13.     Inter alia the admitted facts, now the question arises as to whether Opposite Parties No.1 and 2 have been negligent in the instant case or not? In this regard, we shall have to see what is meant by negligence or medical negligence. Reference in this context can be made to the observations made in Jacob Matahew Vs. State of Punjab & Anr (2005) 6 SCC 1, decided on 05.08.2005 by Hon’ble Supreme Court, wherein Hon’ble Supreme Court has found to constitute medical negligence as follows:-

“48. (1) Negligence is the breach of a duty caused by omission to do something which a reasonable man guided by those considerations which ordinarily regulate the conduct of human affairs would do, or doing something which a prudent and reasonable man would not do. The definition of negligence as given in Law of Torts, Ratanlal & Dhirajlal (edited by Justice G.P. Singh), referred to hereinabove, holds good. Negligence becomes actionable on account of injury resulting from the act or omission amounting to negligence attributable to the person sued. The essential components of negligence are three: 'duty', 'breach' and 'resulting damage'.

(2) Negligence in the context of medical profession necessarily calls for a treatment with a difference. To infer rashness or negligence on the part of a professional, in particular a doctor, additional considerations apply. A case of occupational negligence is different from one of professional negligence. A simple lack of care, an error of judgment or an accident, is not proof of negligence on the part of a medical professional. So long as a doctor follows a practice acceptable to the medical profession of that day, he cannot be held liable for negligence merely because a better alternative course or method of treatment was also available or simply because a more skilled doctor would not have chosen to follow or resort to that practice or procedure which the accused followed. When it comes to the failure of taking precautions what has to be seen is whether those precautions were taken which the ordinary experience of men has found to be sufficient; a failure to use special or extraordinary precautions which might have prevented the particular happening cannot be the standard for judging the alleged negligence. So also, the standard of care, while assessing the practice as adopted, is judged in the light of knowledge available at the time of the incident, and not at the date of trial. Similarly, when the charge of negligence arises out of failure to use some particular equipment, the charge would fail if the equipment was not generally available at that particular time (that is, the time of the incident) at which it is suggested it should have been used.

(3) A professional may be held liable for negligence on one of the two findings: either he was not possessed of the requisite skill which he professed to have possessed, or, he did not exercise, with reasonable competence in the given case, the skill which he did possess.
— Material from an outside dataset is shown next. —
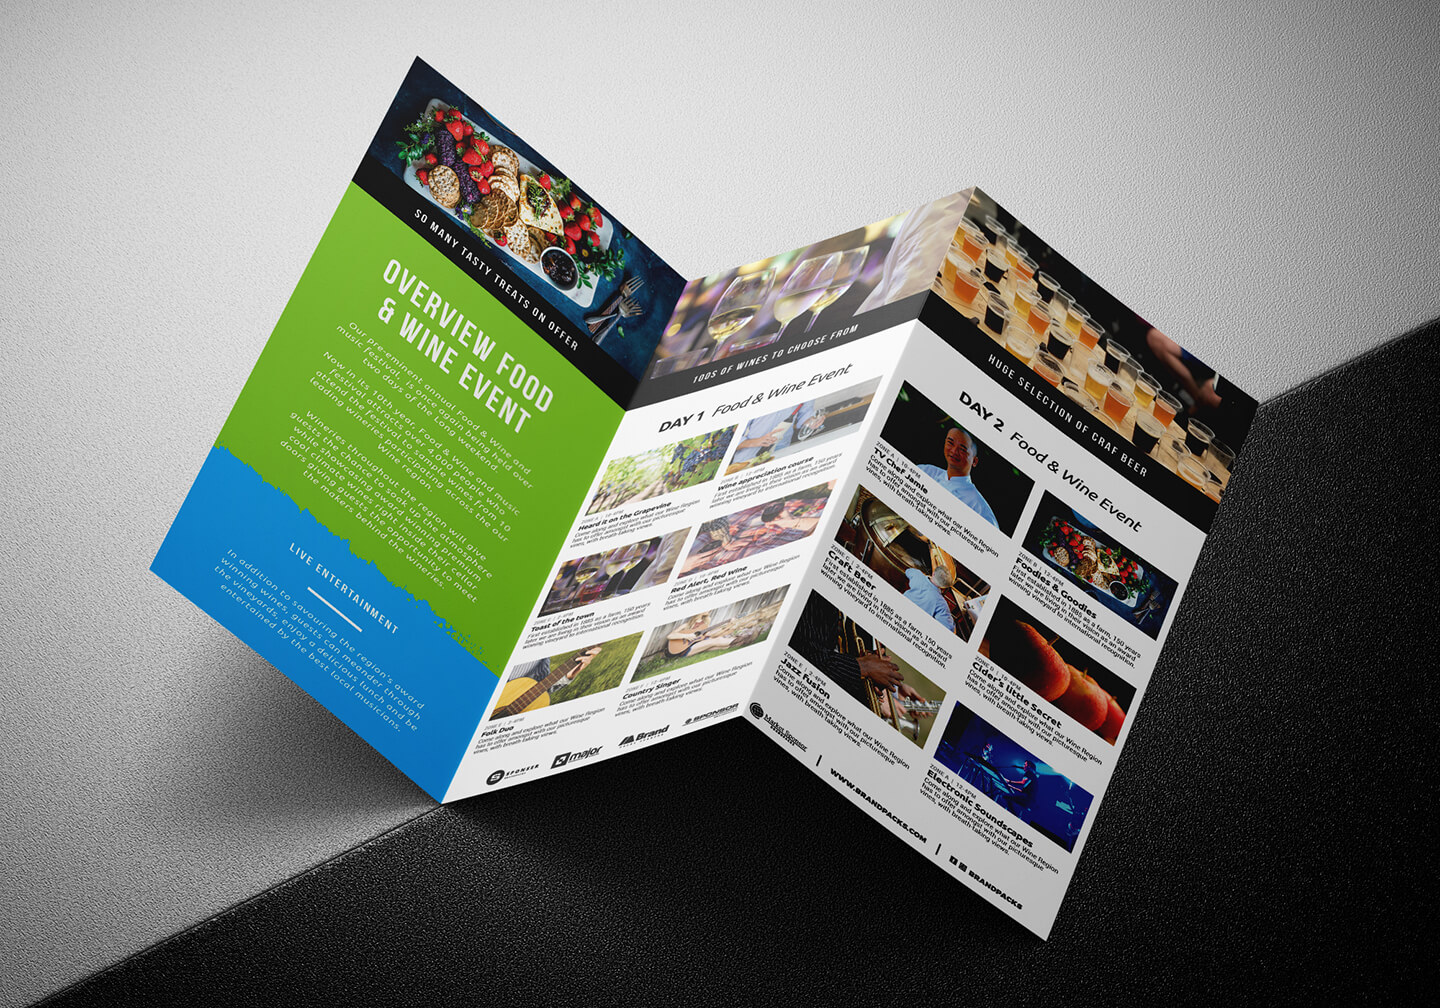 Free Tri Fold Brochure Template For Events & Festivals – Psd Inside Brochure 3 Fold Template Psd

The standard to be applied for judging, whether the person charged has been negligent or not, would be that of an ordinary competent person exercising ordinary skill in that profession. It is not possible for every professional to possess the highest level of expertise or skills in that branch which he practices. A highly skilled professional may be possessed of better qualities, but that cannot be made the basis or the yardstick for judging the performance of the professional proceeded against on indictment of negligence.

The question of medical negligence also came up for hearing before  the Hon’ble Apex Court in Kusam Sharma & Others. Vs. Batra Hospital & Medical Research Centre 2010 AIR (SC) 1050 wherein following principles were laid down that are to be considered while determining the charge of medical negligence:-

I.          Negligence is the breach of a duty exercised by omission to do something which a reasonable man, guided by those considerations which ordinarily regulate the conduct of human affairs, would do, or doing something which a prudent and reasonable man would not do.

II.         Negligence is an essential ingredient of the offence. The negligence to be established by the prosecution must be culpable or gross and not the negligence merely based upon an error of judgment.

III.       The medical professional is expected to bring a reasonable degree of skill and knowledge and must exercise a reasonable degree of care. Neither the very highest nor a very low degree of care and competence judged in the light of the particular circumstances of each case is what the law requires.

IV.       A medical practitioner would be liable only where his conduct fell below that of the standards      of   a  reasonably   competent practitioner in his field.

V.     In the realm of diagnosis and treatment there is scope for genuine difference of opinion and one professional doctor is clearly not negligent merely because his conclusion differs from that of other professional doctor.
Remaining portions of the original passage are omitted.